Using Word-Aligned Hybrid to directly query compressed data

While bitwise logical operations can drastically improve query runtime performance, bitmap indices require double the amount of space over the minimum two bits per genotype. To address this issue we can look to compressing that data. While genotype data can be compressed with standard run-length encoding, bitwise logical operations require that the bits associated with variants must be aligned, which is difficult to ensure with run-length encoding (RLE). Instead we used the Word Aligned Hybrid (WAH) encoding strategy, which represents run length in words not in bits.

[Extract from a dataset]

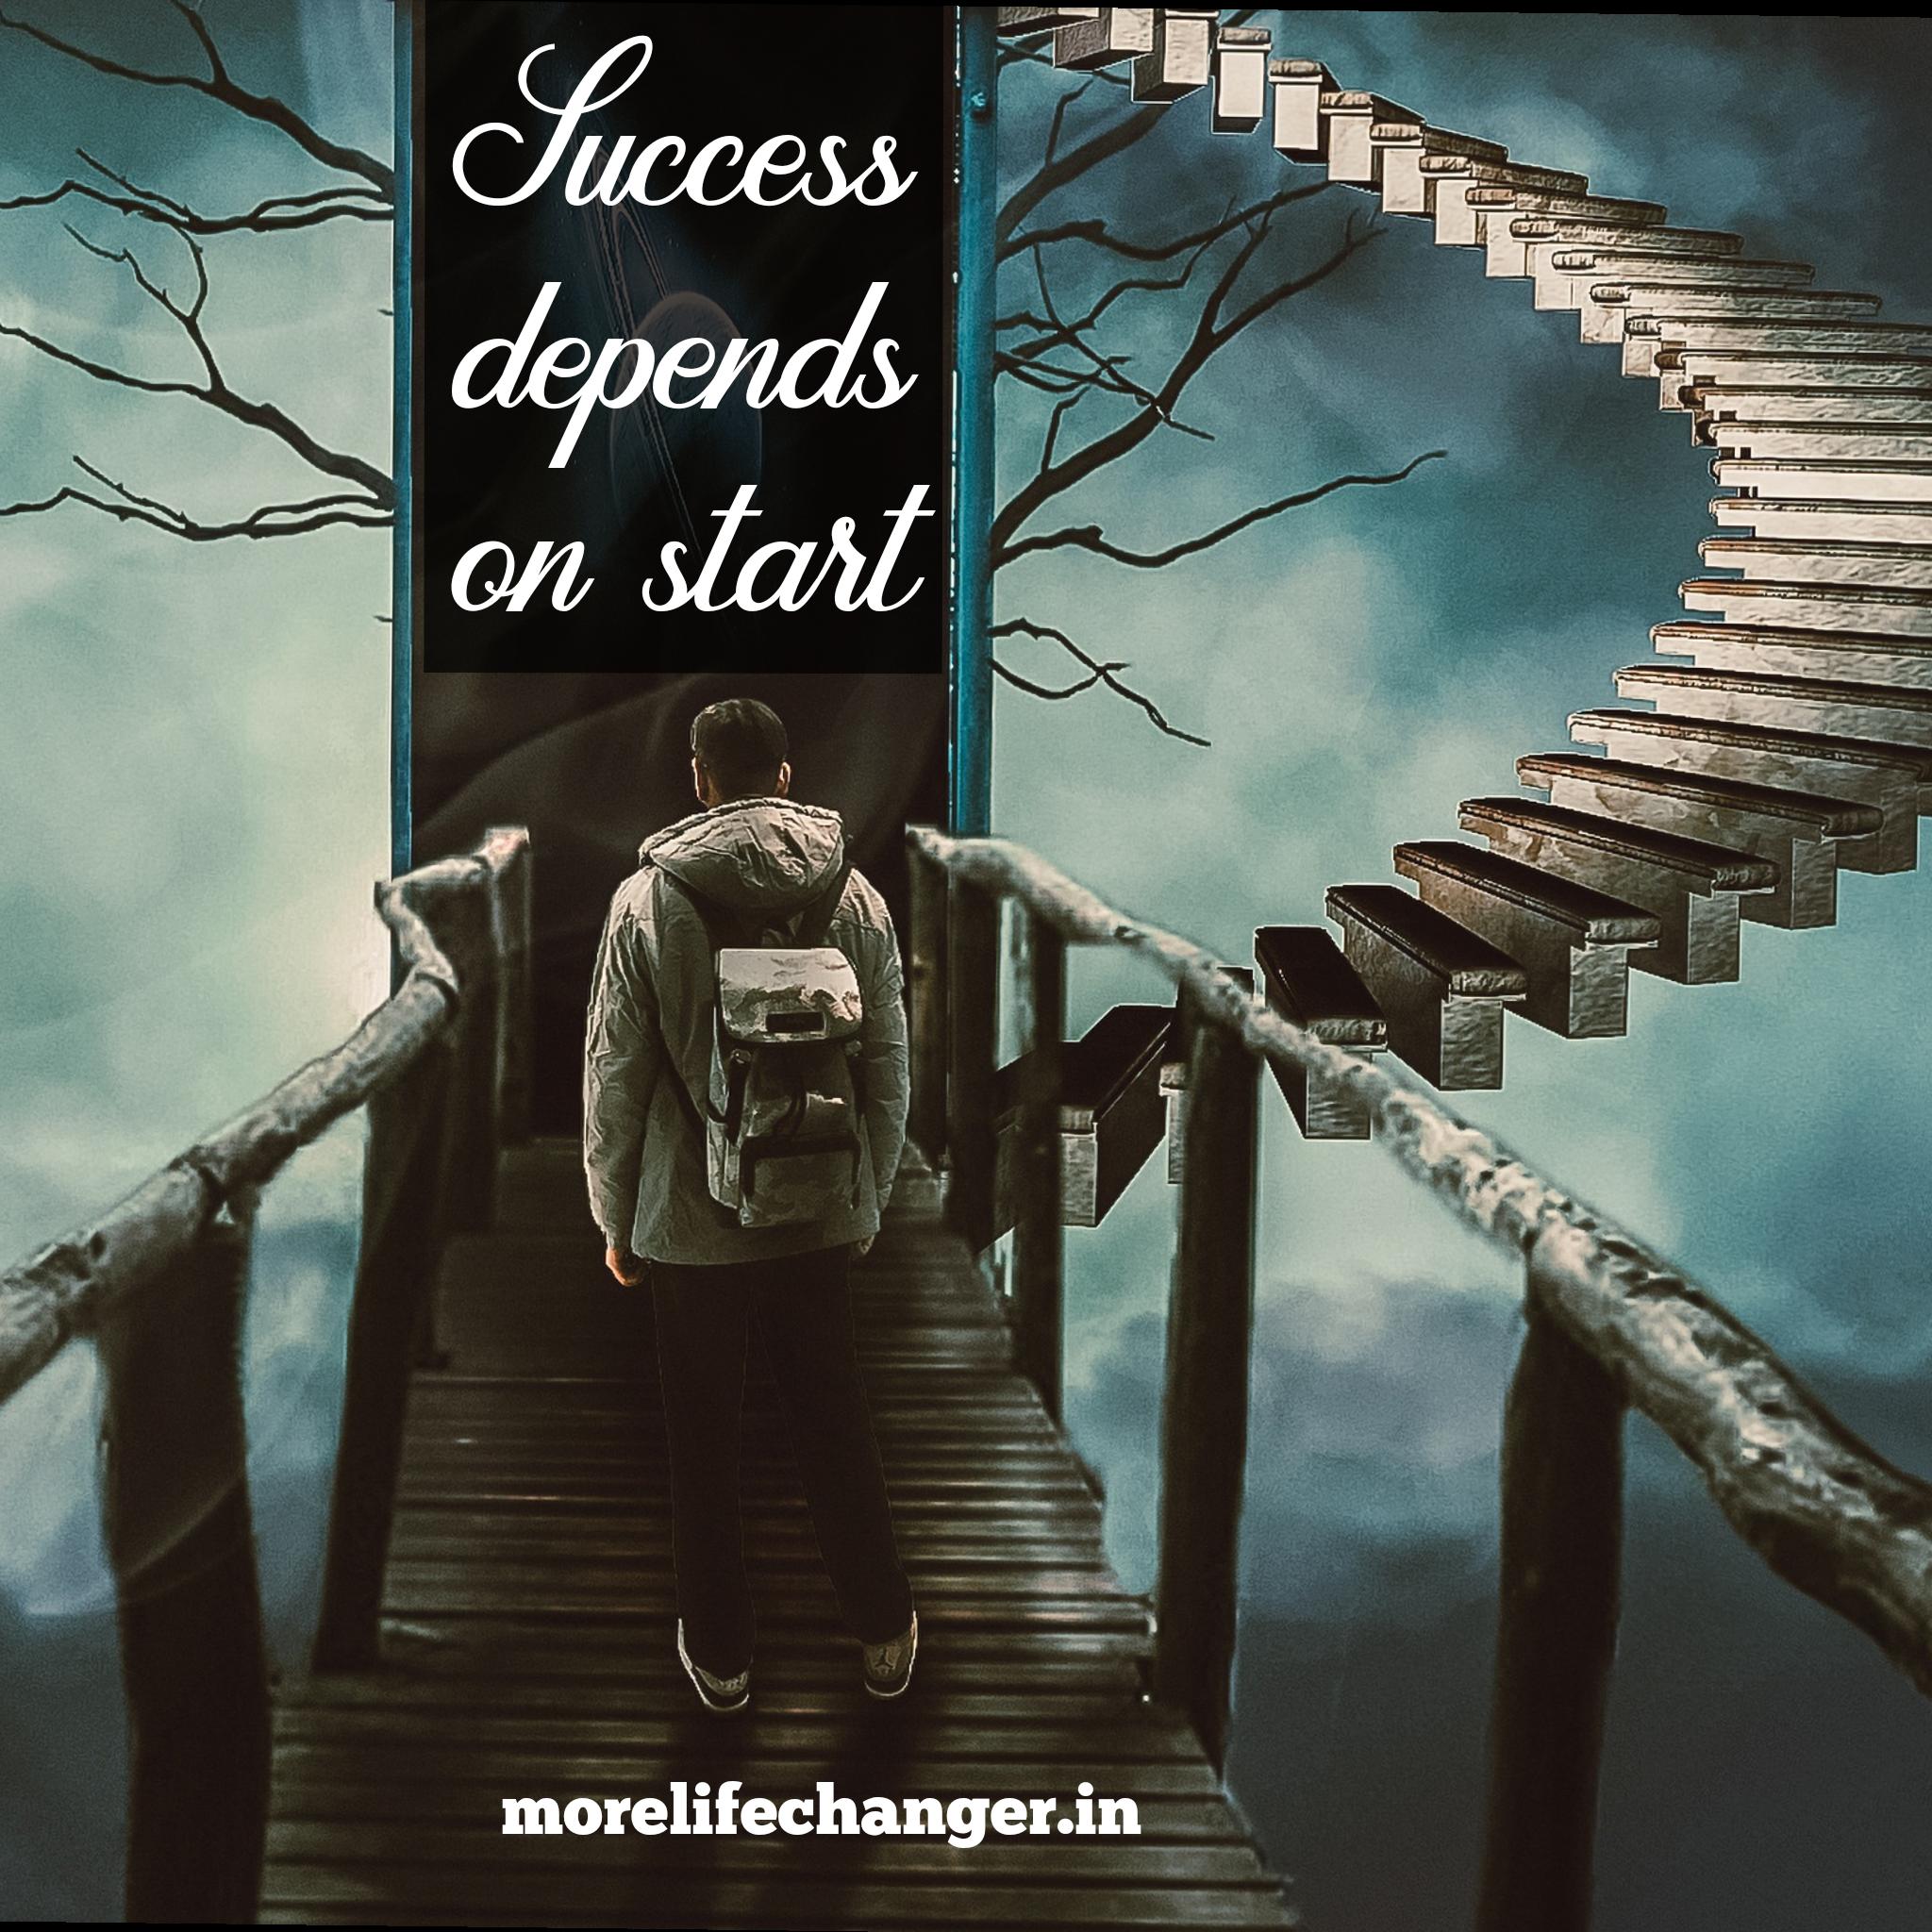 Success depends on start

RLE encodes stretches of identical values (“runs”) to a new value where the first bit indicates the run value and the remaining bits give the number of bits in the run (Supplementary Fig. 4a). WAH is similar to RLE, except that it uses two different types of values. The “fill” type encodes runs of identical values, and the “literal” type encodes uncompressed binary (Supplementary Fig. 4a). This hybrid approach address an inefficiency in RLE where short runs map to larger encoded values. The first bit in a WAH value indicates whether it is a fill (1) or literal (0). For a fill, the second bit gives the run value and the remaining bits give the run length in words (not bits, like in RLE). For a literal, the remaining bits directly encode the uncompressed input. Since each WAH-encoded value represents some number of words, and bitwise logical operations are performed between words, these operation can be performed directly on compressed values.

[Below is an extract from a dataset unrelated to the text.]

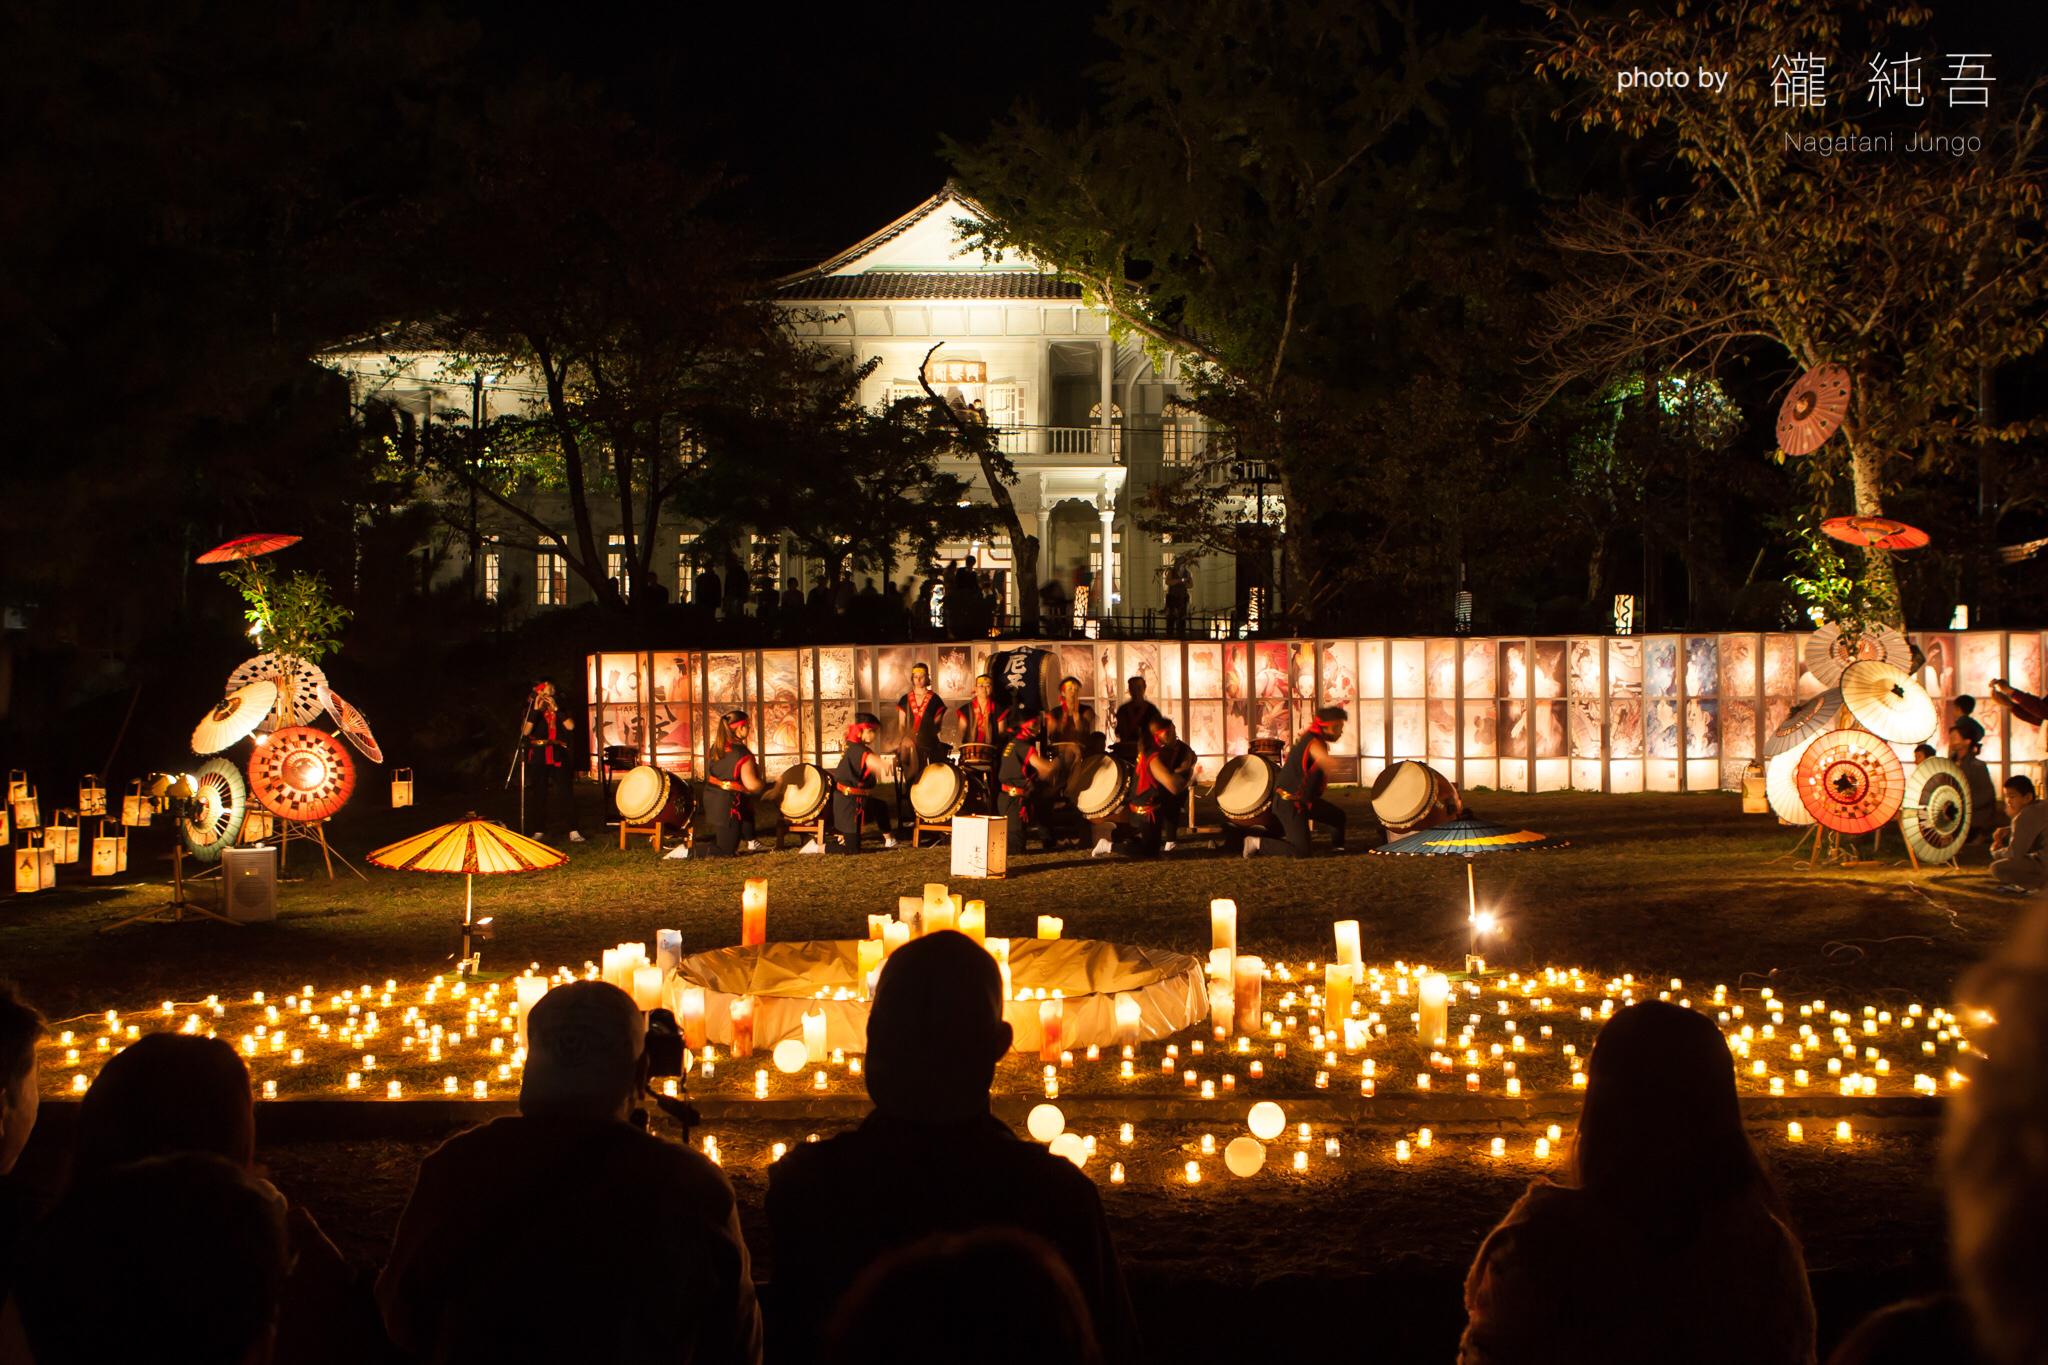 松江城二の丸・上の段で催される「いにしえの光と音」(松江水燈路 2016)

The algorithm that performs bitwise logical operations is straightforward (Supplementary Fig. 4b). To operate on two uncompressed bit arrays we simply move in unison between the two arrays from the first to last word, and find the result of each pair of words. Since each WAH value encodes one or more words, we need to move across each WAH array independently. At each step we track the number of words that have been considered in the current value and only move to the next word once the words have been exhausted. Bitwise logical operations improve the performance of most queries by computing many genotype comparisons in parallel, but some higher-level queries cannot be resolved with these operations alone.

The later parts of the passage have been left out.